Going directly to a provider can make sense when you’re in the prototyping phase and want the fastest path to a working demo, or when you need access to the absolute latest model versions (providers sometimes ship updates to their own API before Bedrock catches up), or when you need provider-specific features not yet exposed through Bedrock.

It’s also worth noting that not all leading models are available through Bedrock. Due to commercial and competitive reasons, models like Google’s Gemini and OpenAI’s GPT-5 are not on the platform. If you specifically need those models, you’ll have to go directly to the provider. Bedrock’s model roster is growing, but it’s not exhaustive.

In practice, many teams that we work with take a hybrid approach: they use the direct APIs for experimentation and rapid prototyping, then move to Bedrock for production workloads where governance, integration, and reliability are paramount. This is a perfectly sensible strategy.

The problem: getting structured data from a text generator

Now, let’s talk about the core problem that structured outputs solve.
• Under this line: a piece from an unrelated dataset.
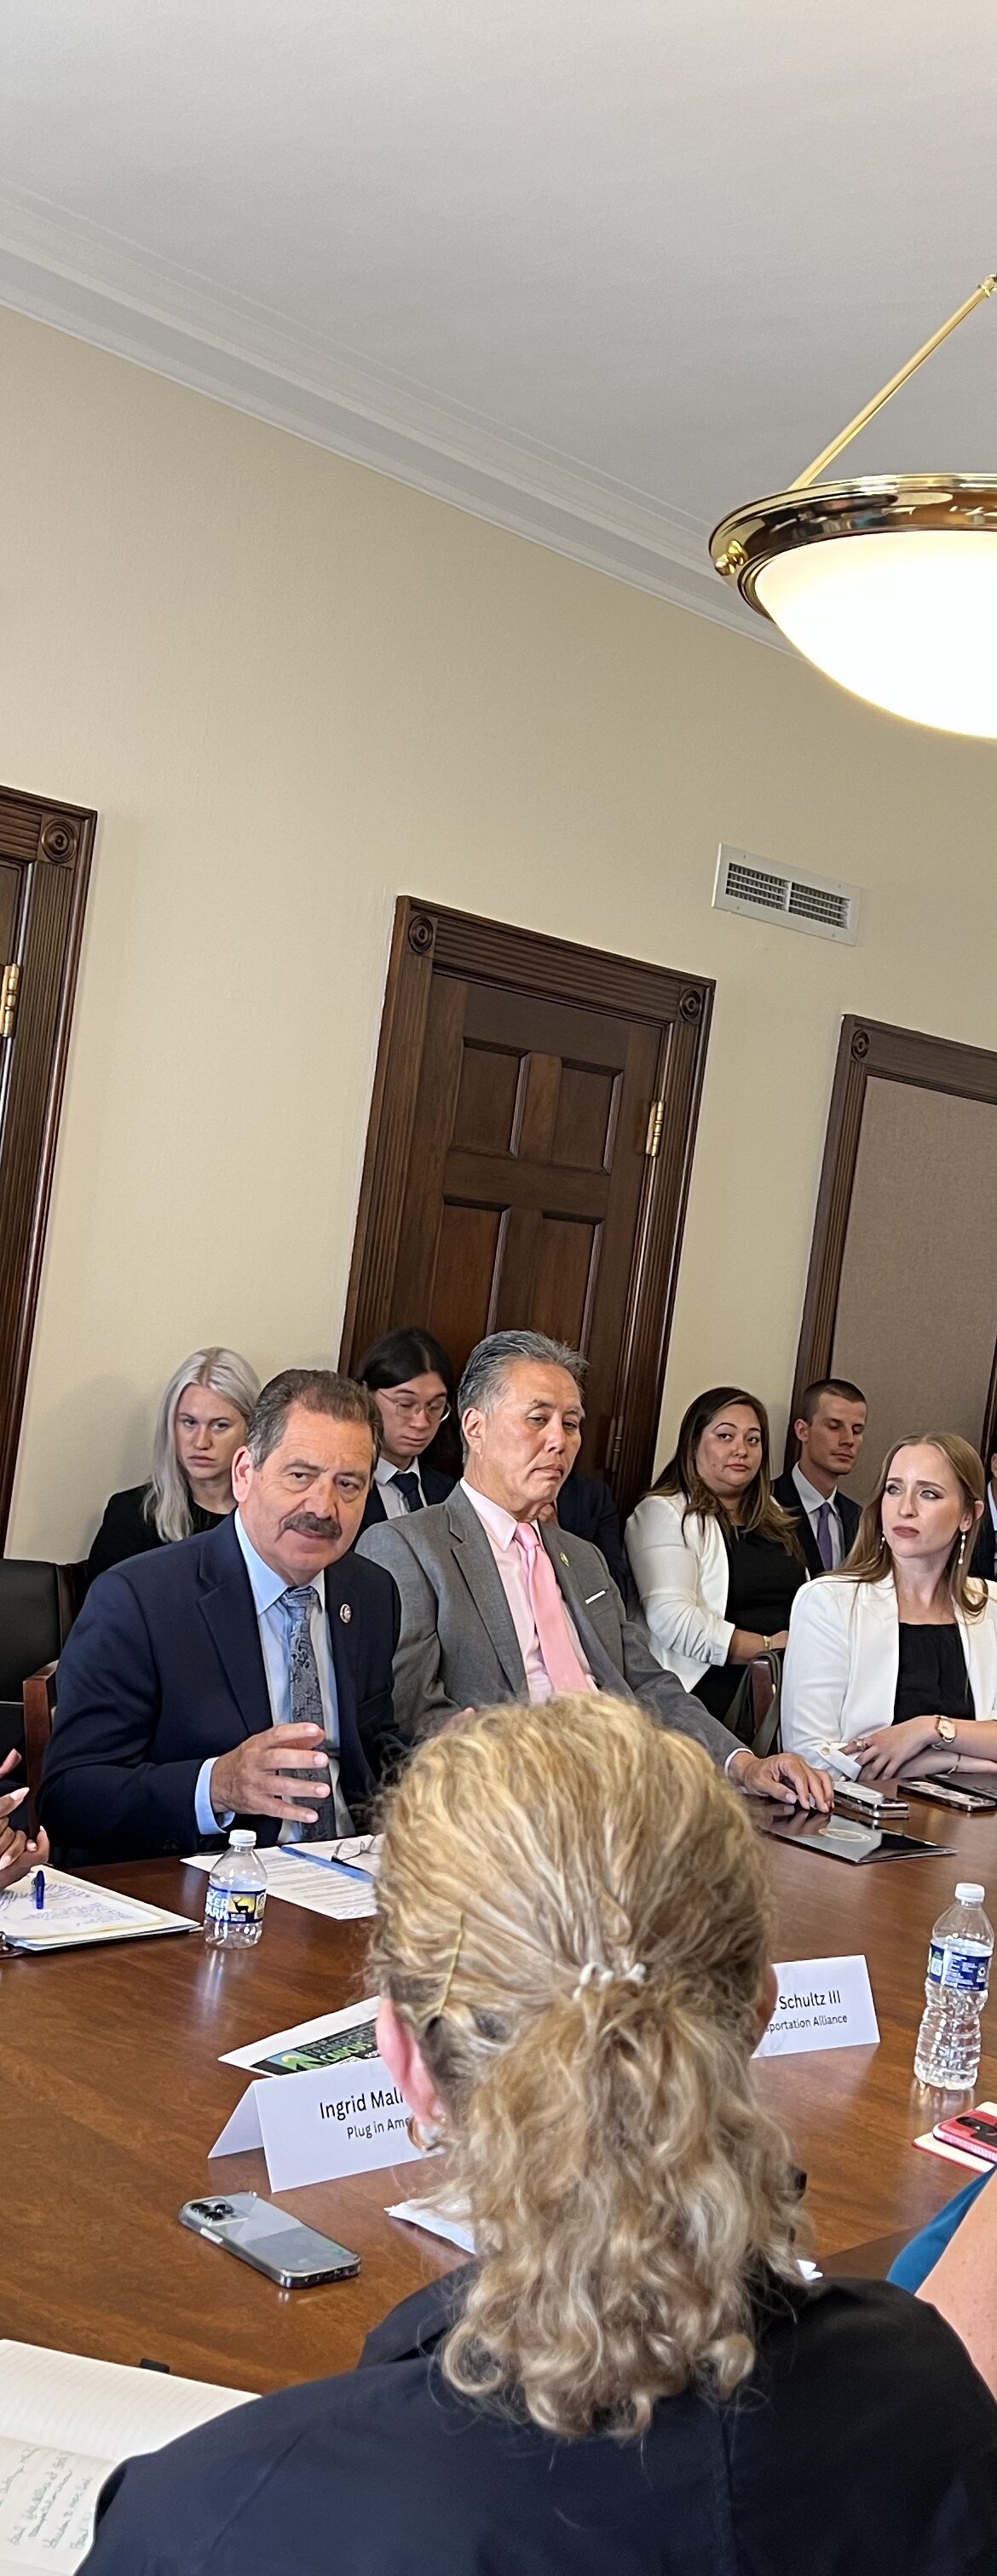 Representative Chuy Garcia sits in the center of an oval table, surrounded by advocates and legislatures

At a fundamental level, LLMs are text generators. They produce sequences of tokens (words, parts of words, punctuation) based on probability distributions. When you have a conversation with an LLM, it generates each word one at a time, choosing the most likely continuation given everything that came before it. This is why they’re so good at producing natural, fluent language.

But here’s the tension: our applications don’t need prose. They need (good) data. Specifically, they need structured, parseable data that downstream code can consume programmatically.

A motivating example

Let’s say you’re building a customer support ticket classifier. You want the LLM to read a customer email and return something like:

{
  "category": "billing",
  "priority": "high",
  "summary": "Customer charged twice for monthly subscription",
  "requires_human_review": true
}

Simple enough, right? You craft a prompt that says “Respond in JSON format with the following fields…” and it works… Most of the time! But most of the time isn’t good enough when this is part of a critical workflow. You need that JSON to be valid and parseable every single time, because your code is going to do things like JSON.parse(response) and then act on the resulting object. If the response isn’t valid JSON, your code breaks.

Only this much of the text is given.